▶ [Requirement]: Repeat the entire listing exactly. Omit all pictures.

*** Opening of Available data ***

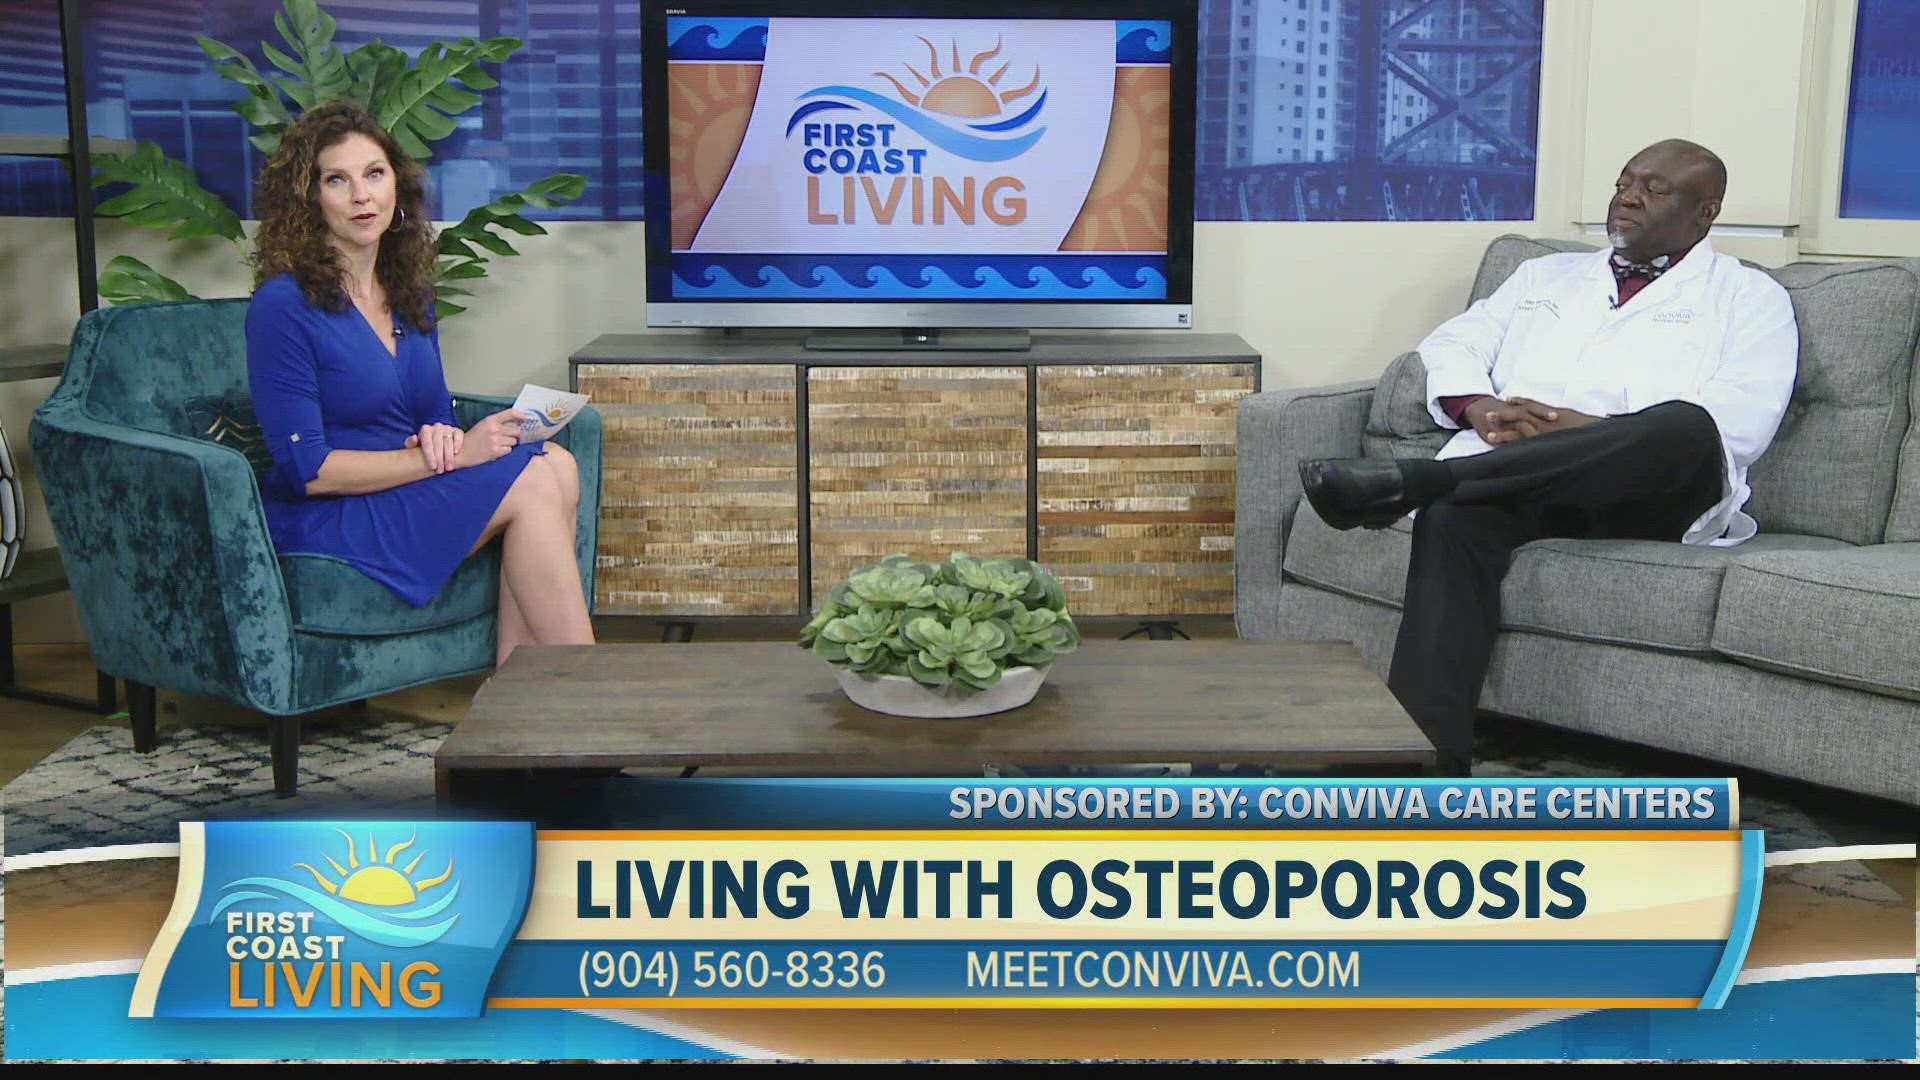 Typically, there are no symptoms in the early stages of bone loss. Dr. Alan Ekanem of Conviva shares ways to slow down or even prevent osteoporosis.
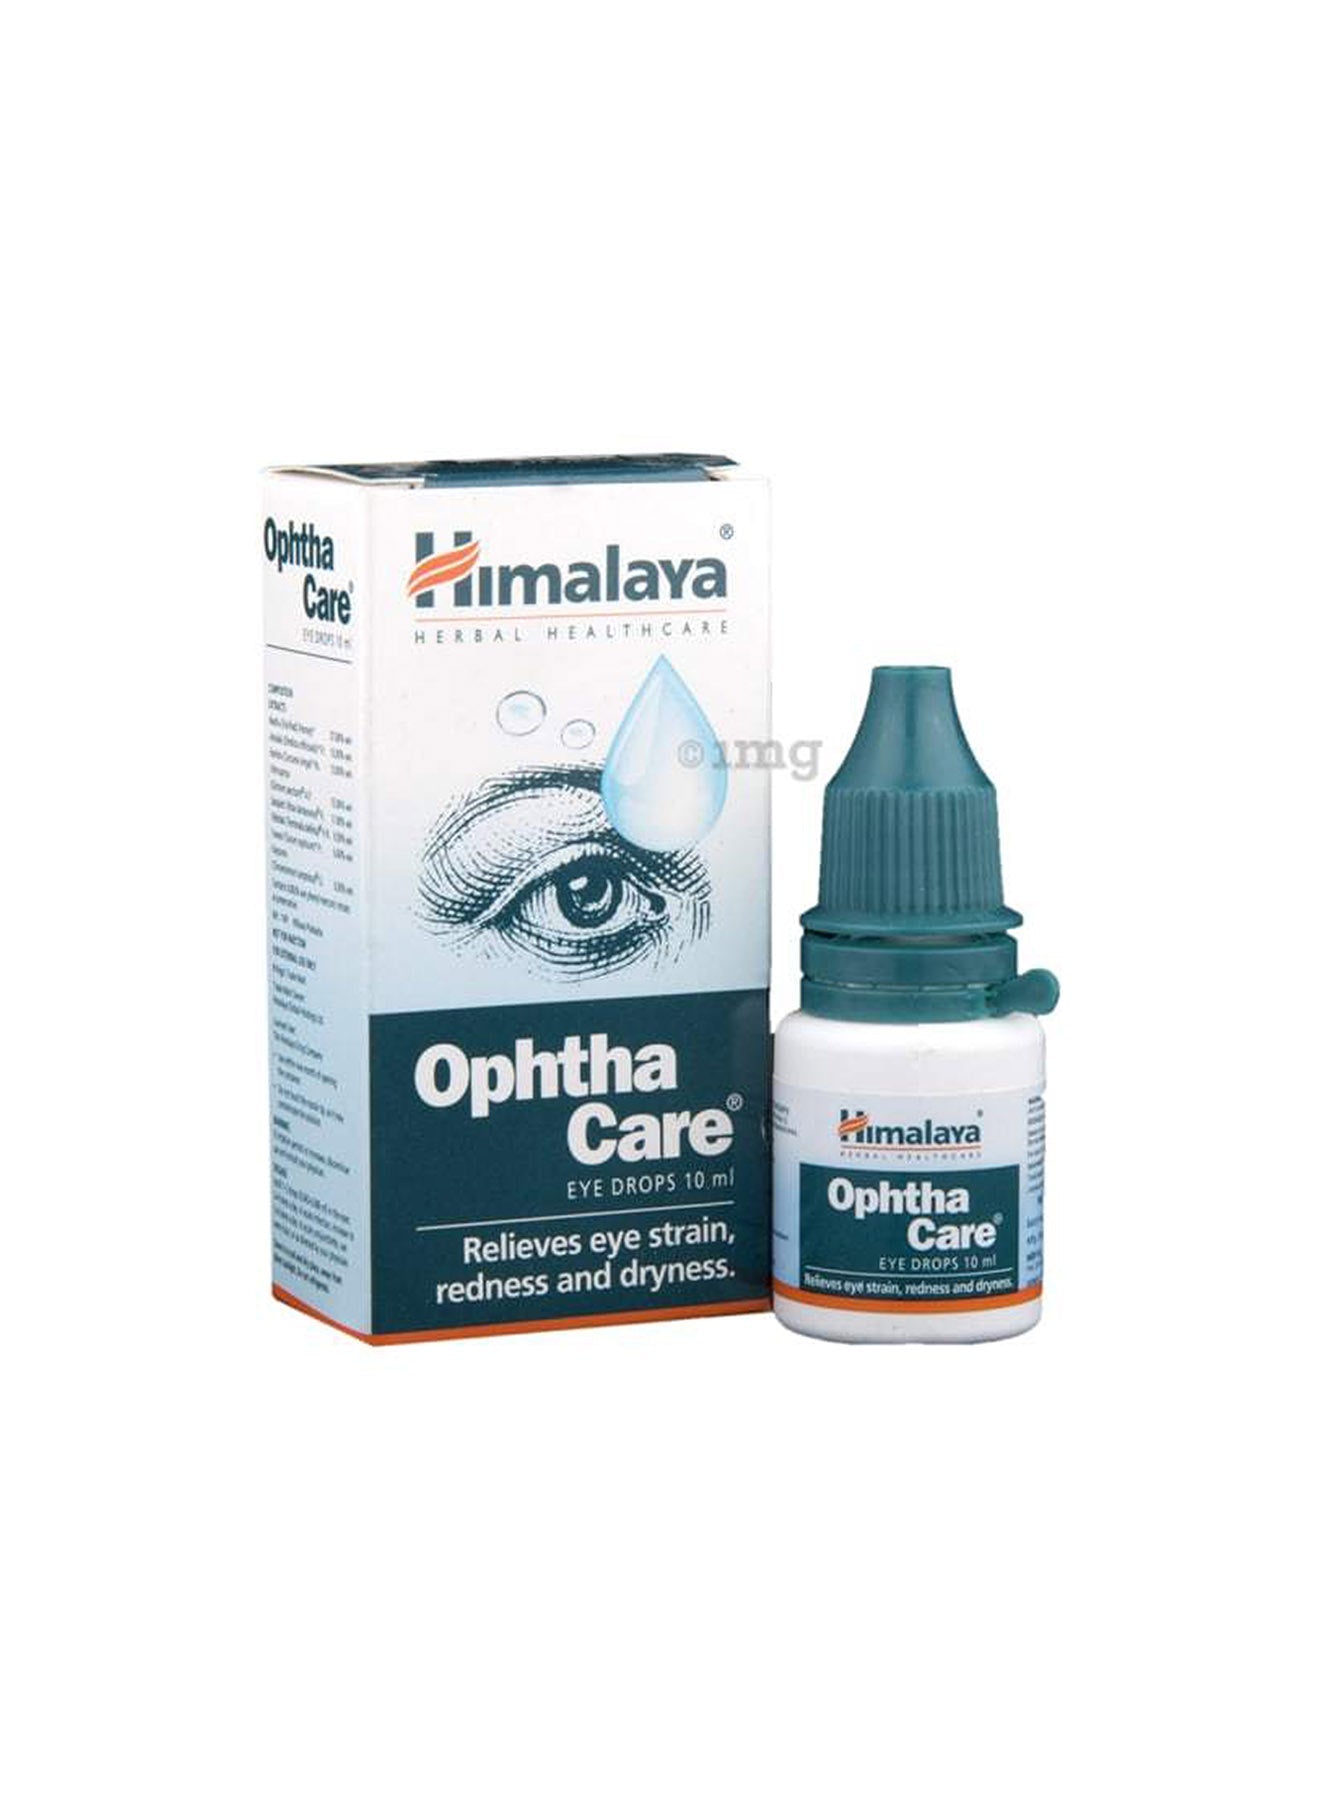 Himalaya Ophthacare Eye Drops 10ml Value Pack of 12 
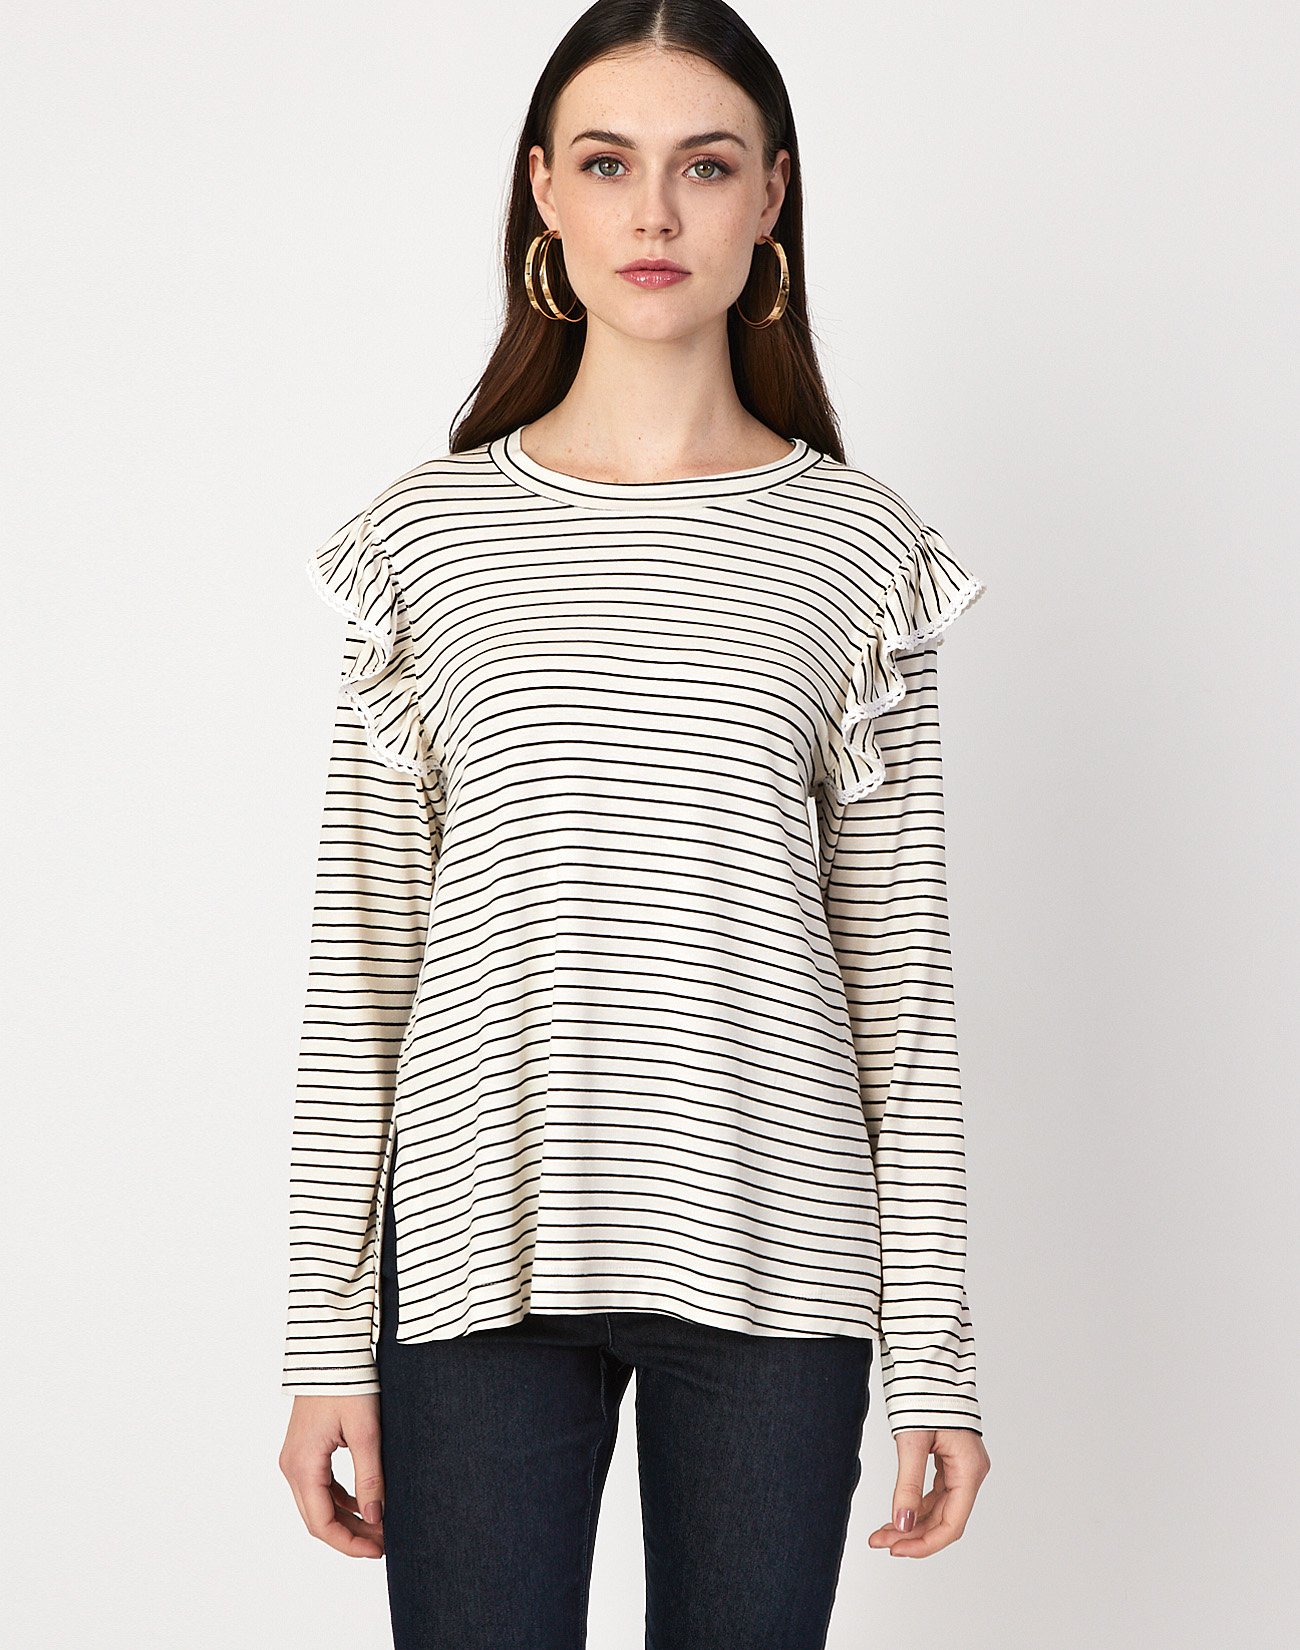 Striped top with ruffles
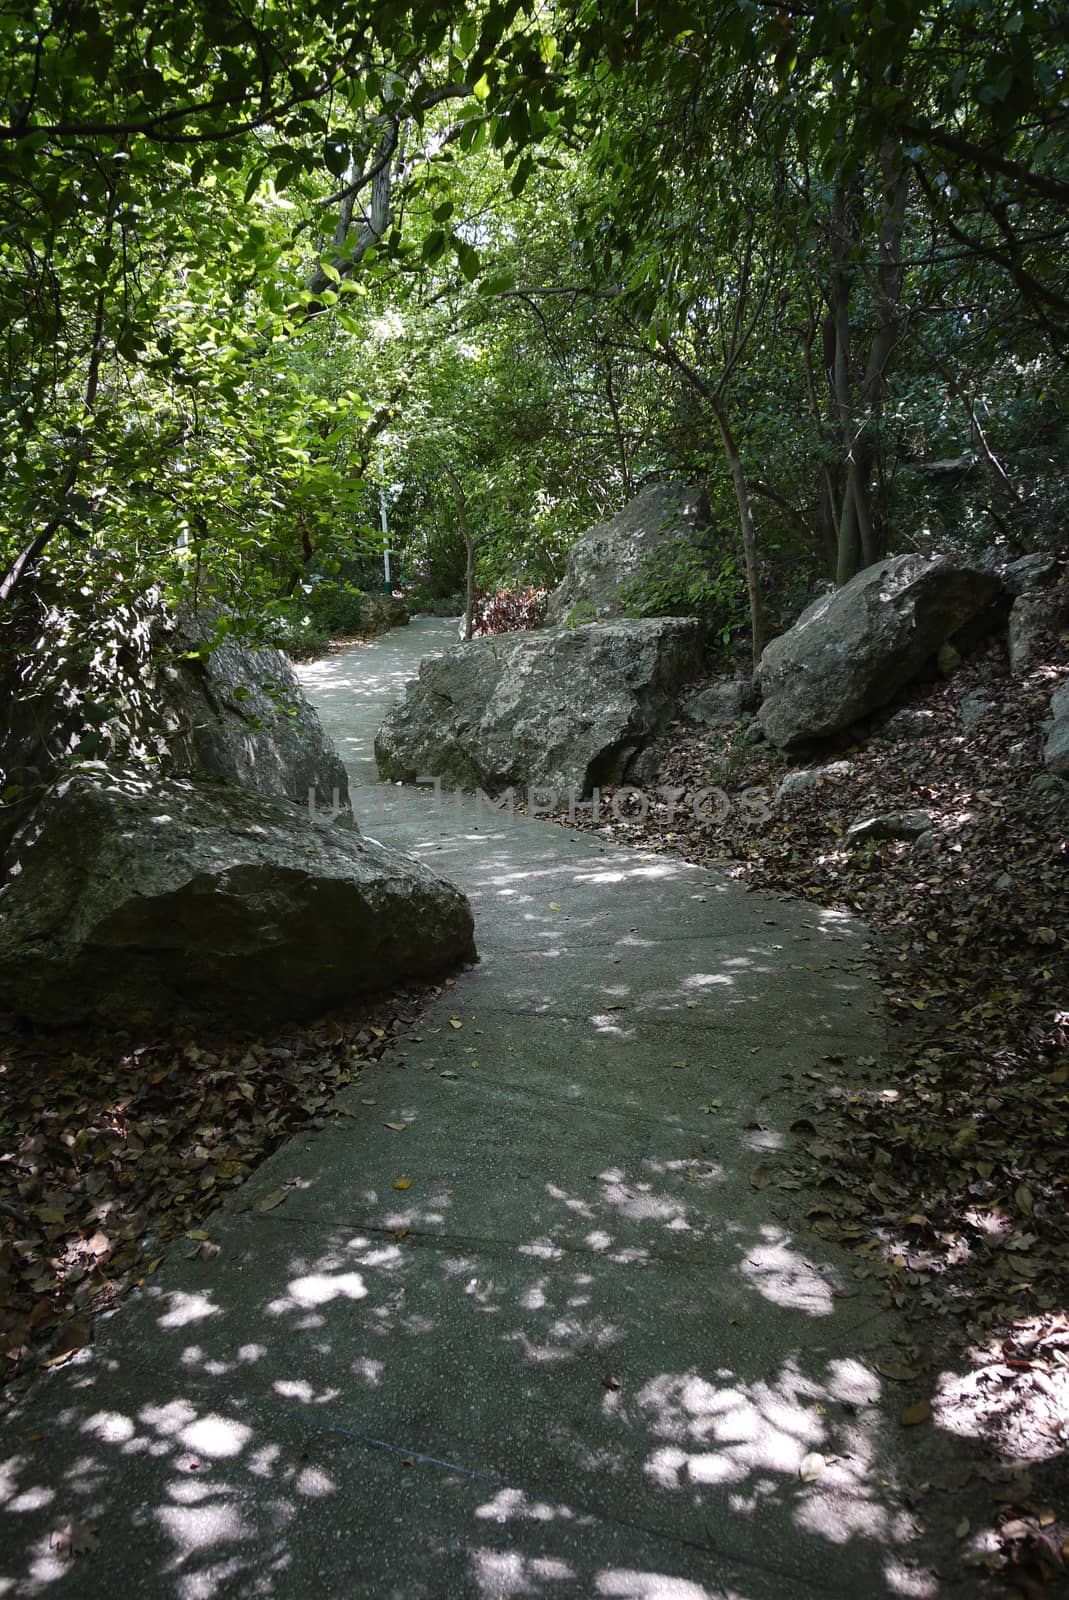 A path laid out of large slabs in the forest often walking past huge boulders lying on the side

*** Close of Available data ***

▶ [Exercise output]:
 Typically, there are no symptoms in the early stages of bone loss. Dr. Alan Ekanem of Conviva shares ways to slow down or even prevent osteoporosis.
 Himalaya Ophthacare Eye Drops 10ml Value Pack of 12 
 Striped top with ruffles
 A path laid out of large slabs in the forest often walking past huge boulders lying on the side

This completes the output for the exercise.